Most of the architecture is built of river cobbles cemented together, and the buildings were roofed in perishable materials. Special structures such as temples, shrines, and elite residences had a masonry architecture built of cut stone.

Important buildings include the Sun temple or Great Pyramid; the Quetzalcoatl temple; the Chimney Temple, which includes a series of semicircular pillars; the Temple of Charity (or Templo de las Caritas), named after the numerous stucco skulls that adorned its walls; the Cross Temple, and the El Pimiento compound, which has exterior walls decorated with skull representations.

Many of the buildings have platforms with multiple stories of low height and vertical profile. Most are rectangular with broad stairways.
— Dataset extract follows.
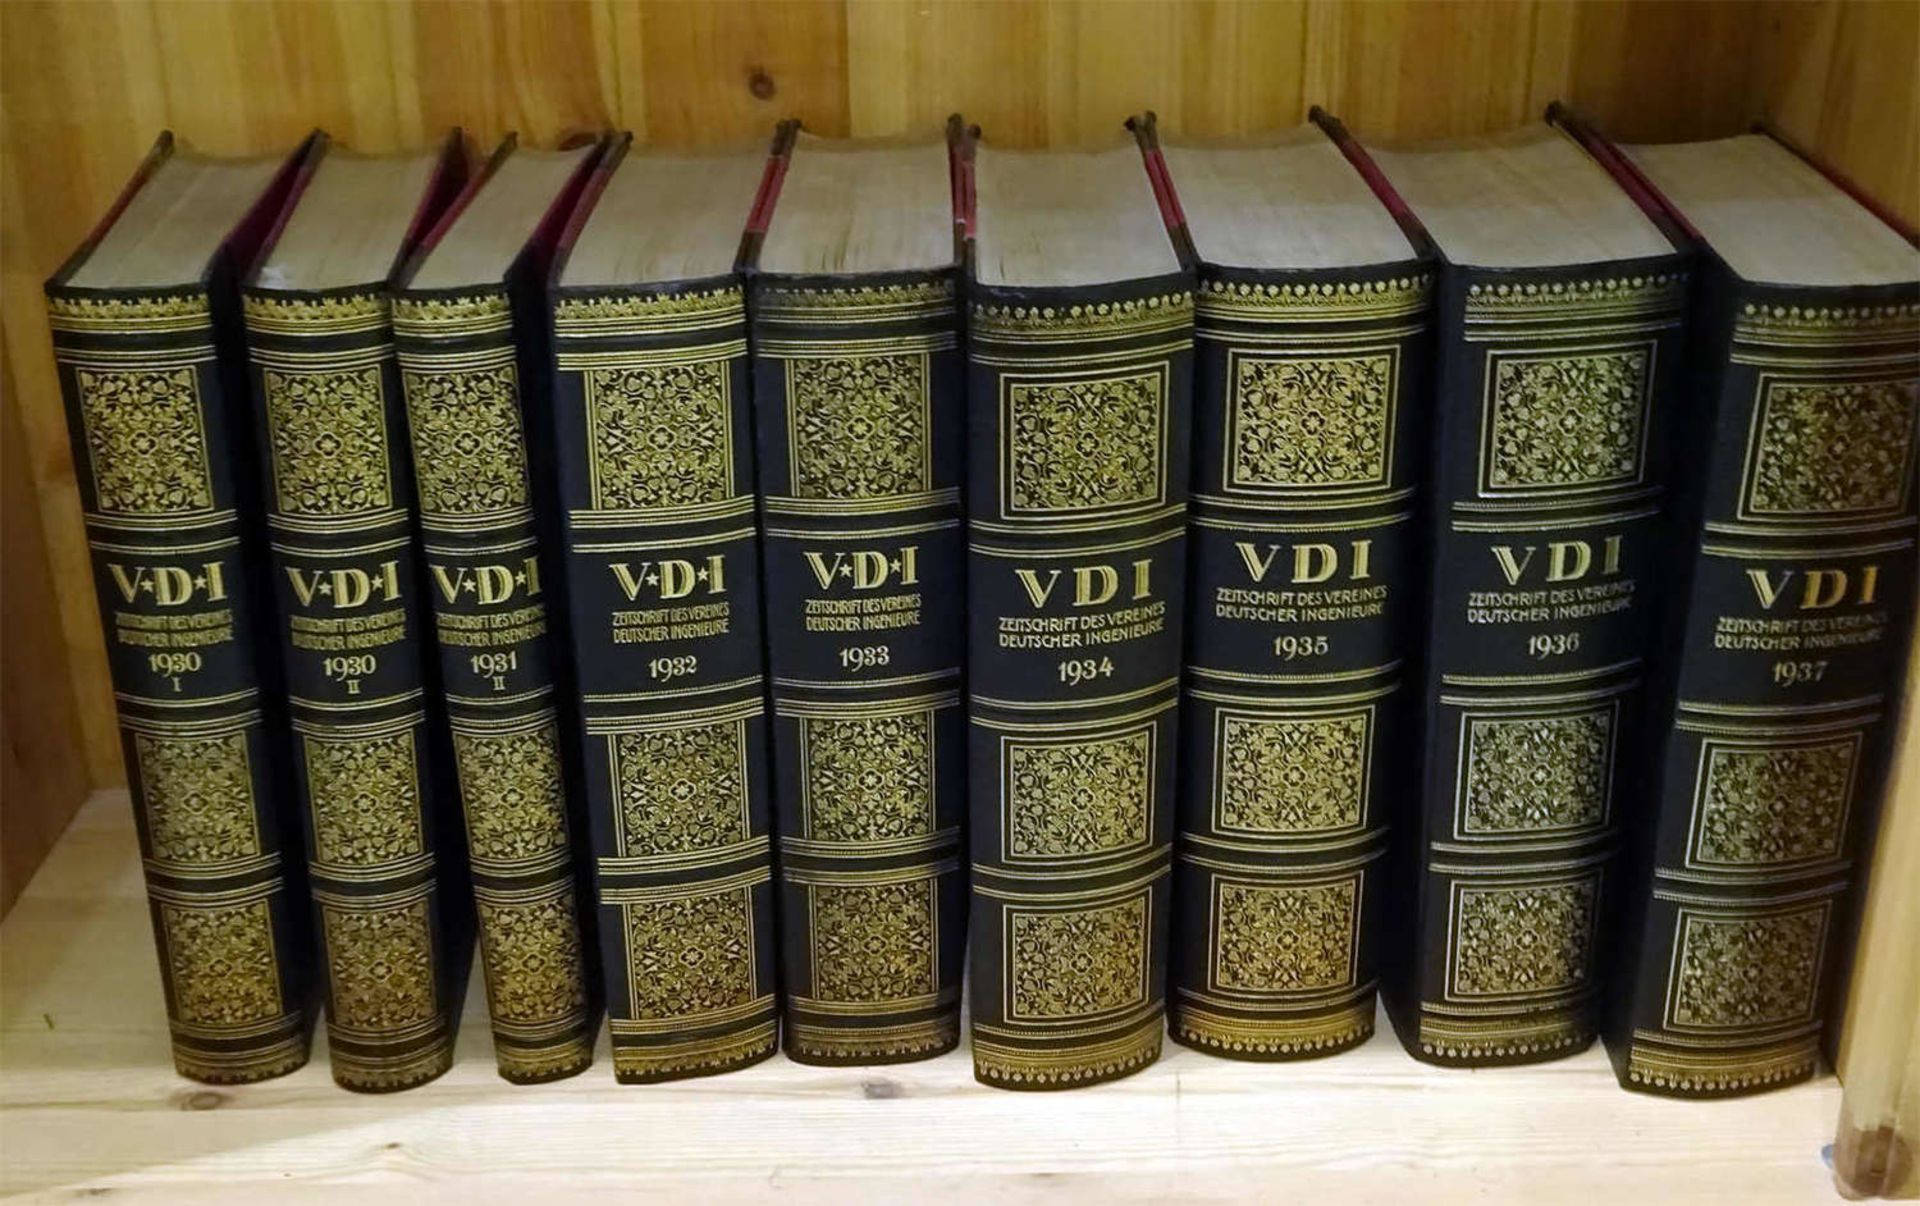 VDI, Zeitschrift des Vereines Deutscher Ingenieure. Vorhanden 1906, 1924, 1926 Bd. 1+II, 1927 Bd.I+ - Bild 3 aus 3

Sanctuaries were dedicated with polychrome designs on a white background.

Agriculture

The city was surrounded by an extensive canal system and a series of aqueducts which provided water to the farm fields around the urban center as well as the residential areas. This extensive canal system allowed water distribution to fields, diverting water from main river channels.

The canals were part of (or built onto) a large wetland irrigation system that is thought to have been built during the Middle Postclassic [AD 1200-1400] period.

The system included an area of sloping field terraces, on which the city grew cotton, maize, and agave. Cempoala used their surplus crops to participate in the Mesoamerican trade system, and historic records report that when famine struck the Valley of Mexico between 1450-1454, the Aztecs were forced to barter their children to Cempoala for maize stores.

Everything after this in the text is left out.